# Input data:
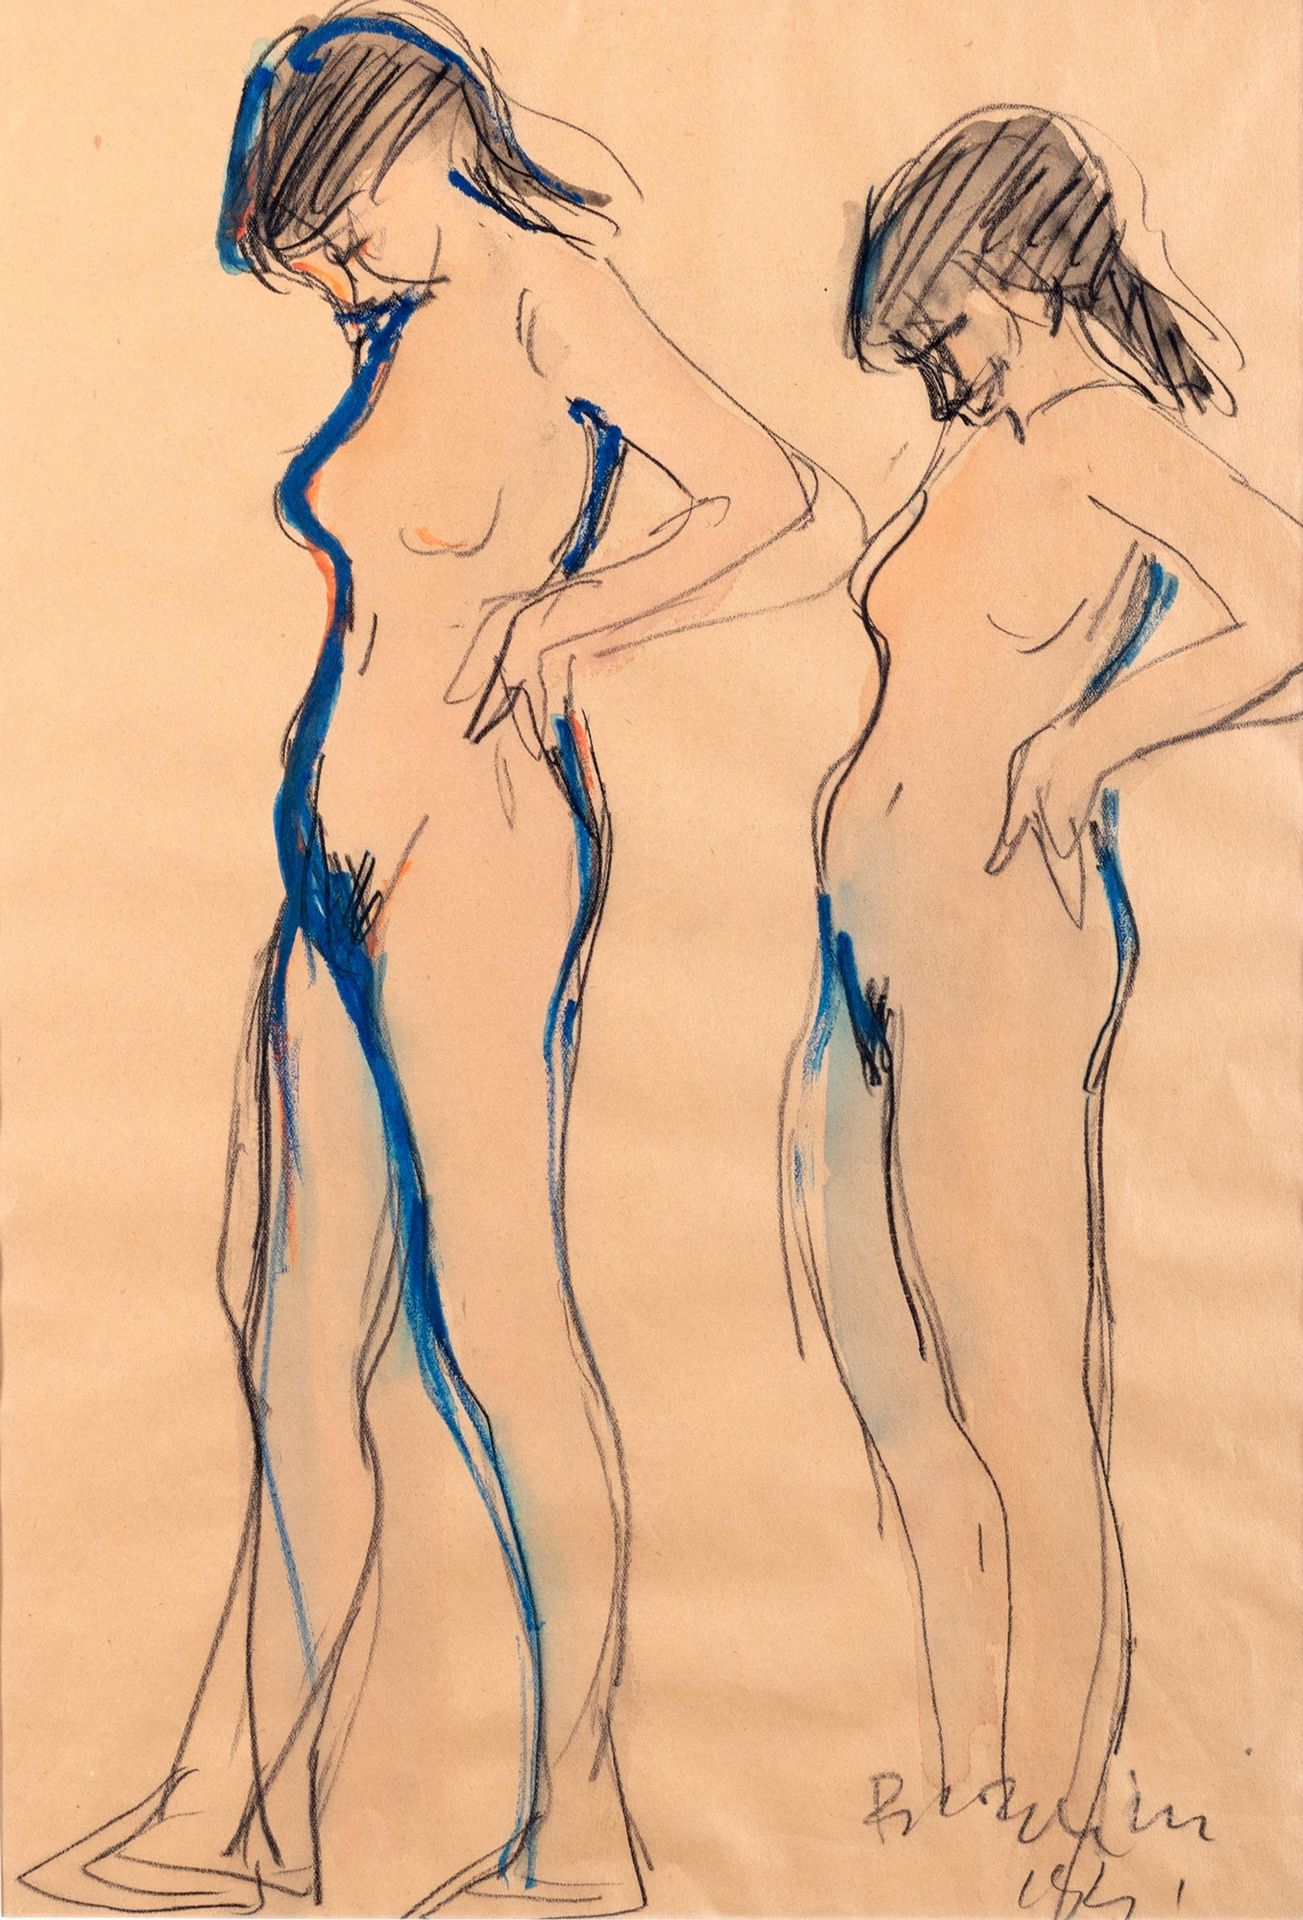 Luigi Broggini 裸体研究，1941年

纸上混合媒体
42.5 x 29.5 cm
右下角签名：Broggini 1941
本拍品受艺术家转售权的&hellip;
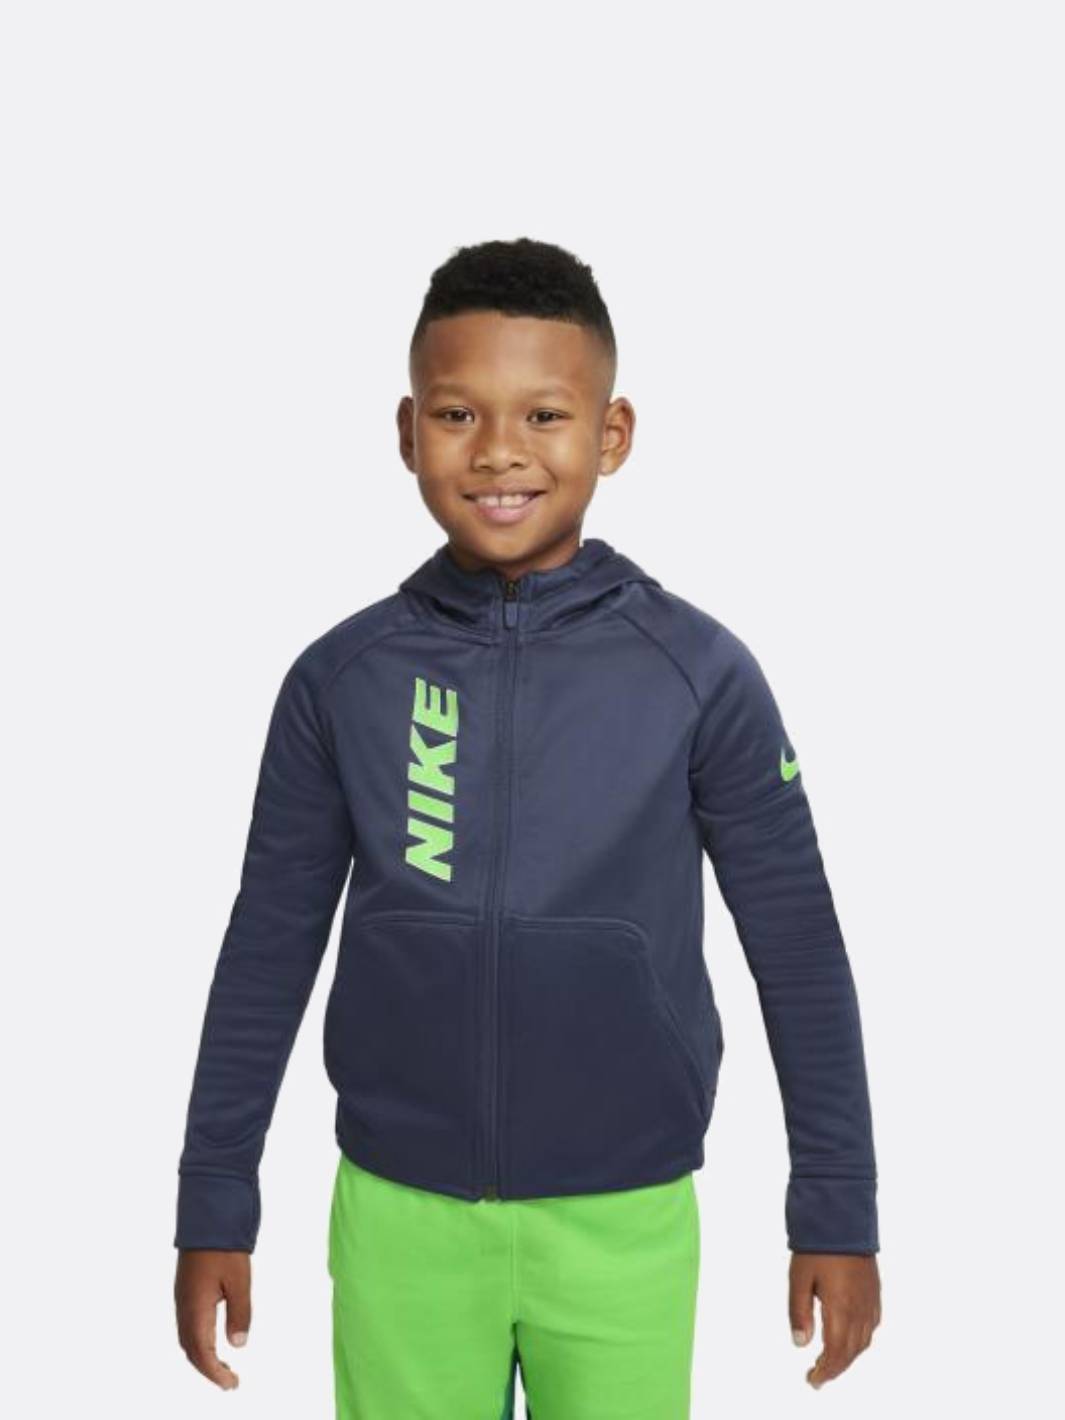 Nike Boy - Therma Fit Full-Zip - Thunder Blue/White - Nohble
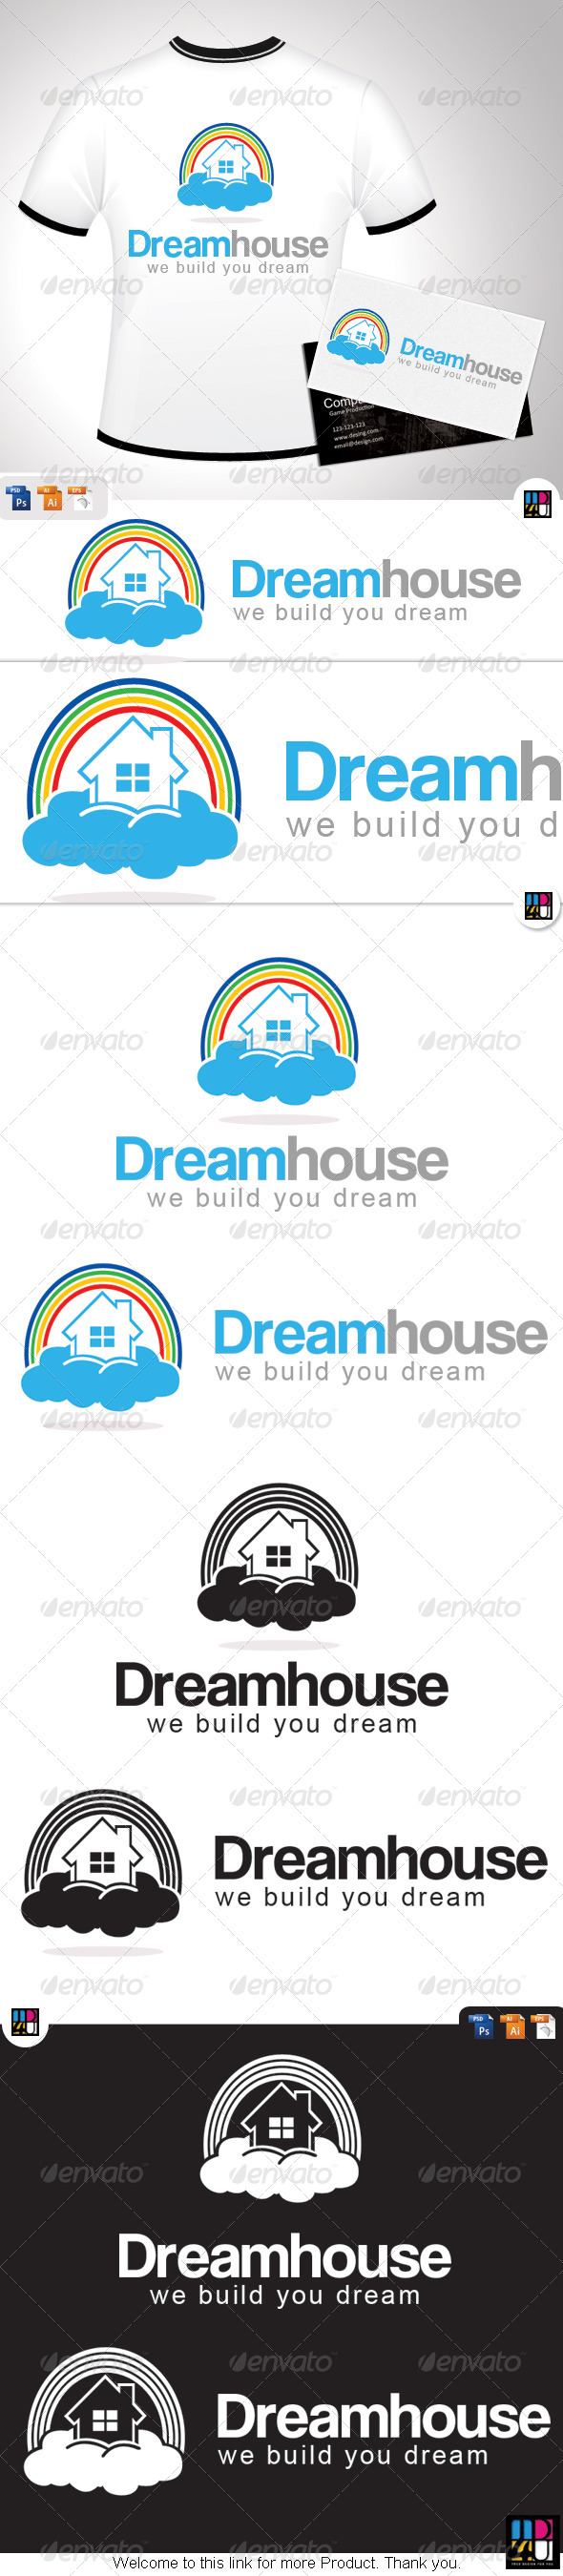 Dream House - We Build Your Dream
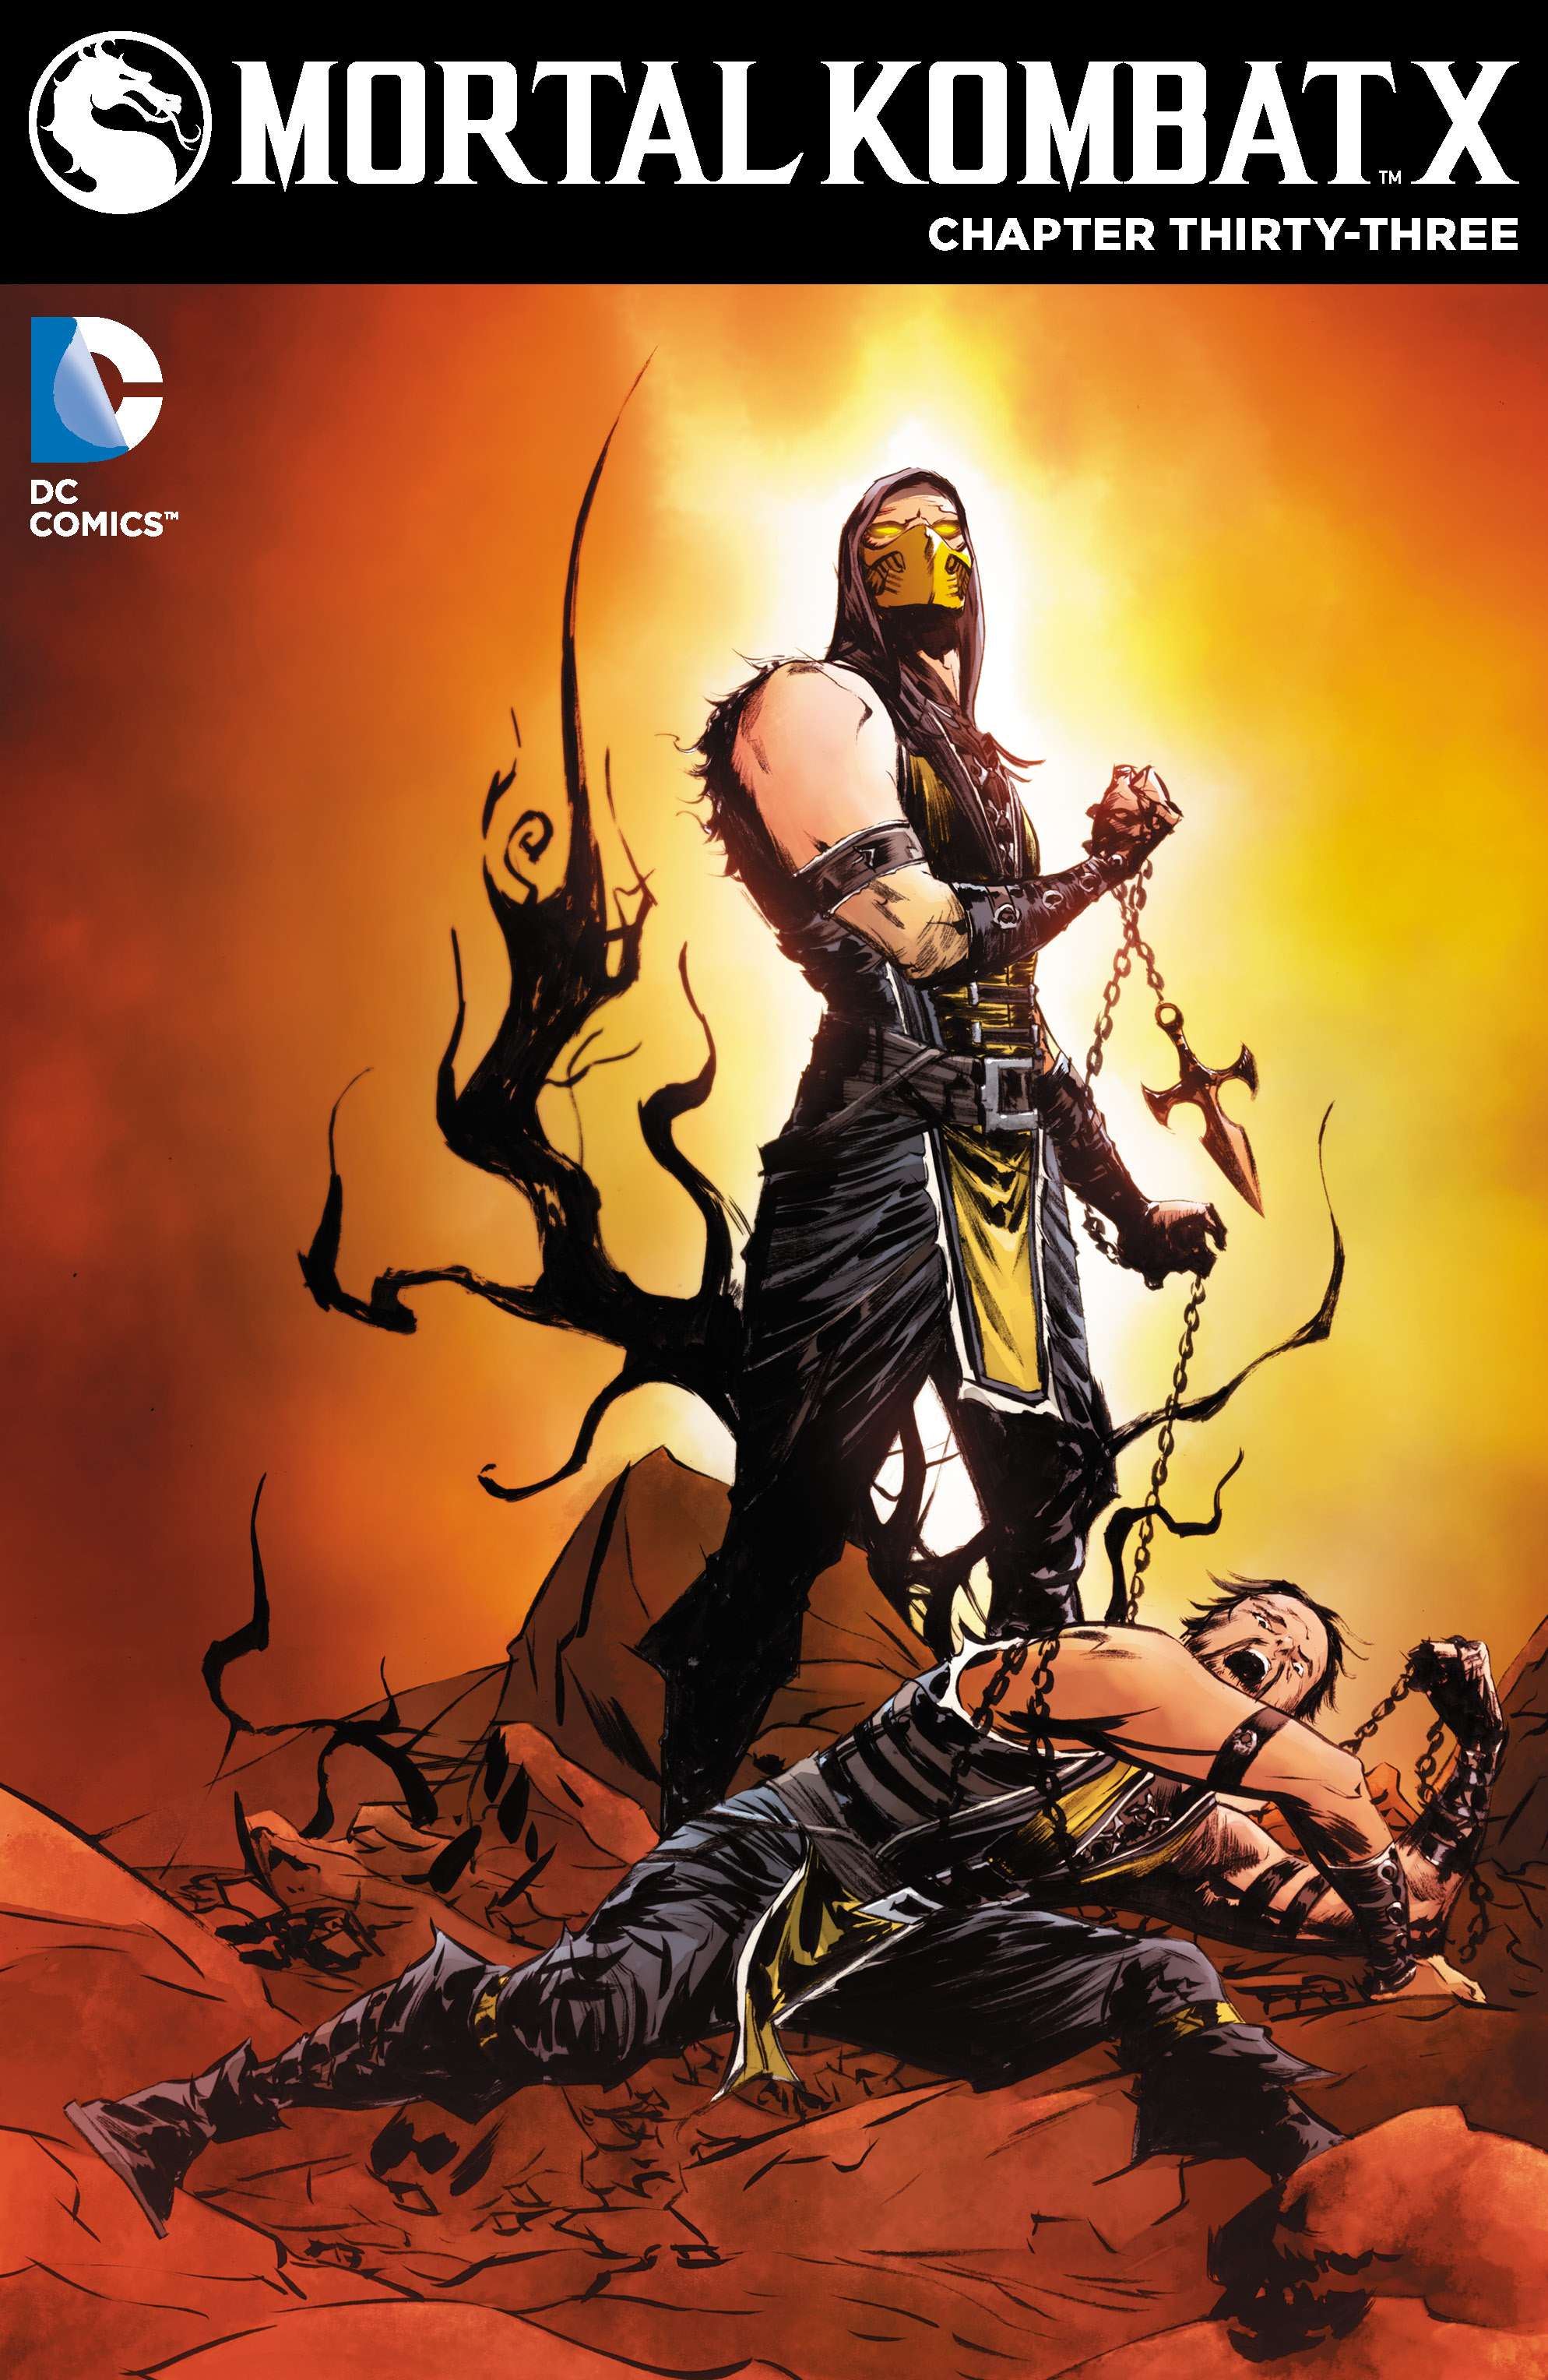 Mortal Kombat X #33 preview images

# Exercise:
Print the data exactly as written, dropping any images it holds.

# Completed exercise:
 Luigi Broggini 裸体研究，1941年

纸上混合媒体
42.5 x 29.5 cm
右下角签名：Broggini 1941
本拍品受艺术家转售权的&hellip;
 Nike Boy - Therma Fit Full-Zip - Thunder Blue/White - Nohble
 Dream House - We Build Your Dream
 Mortal Kombat X #33 preview images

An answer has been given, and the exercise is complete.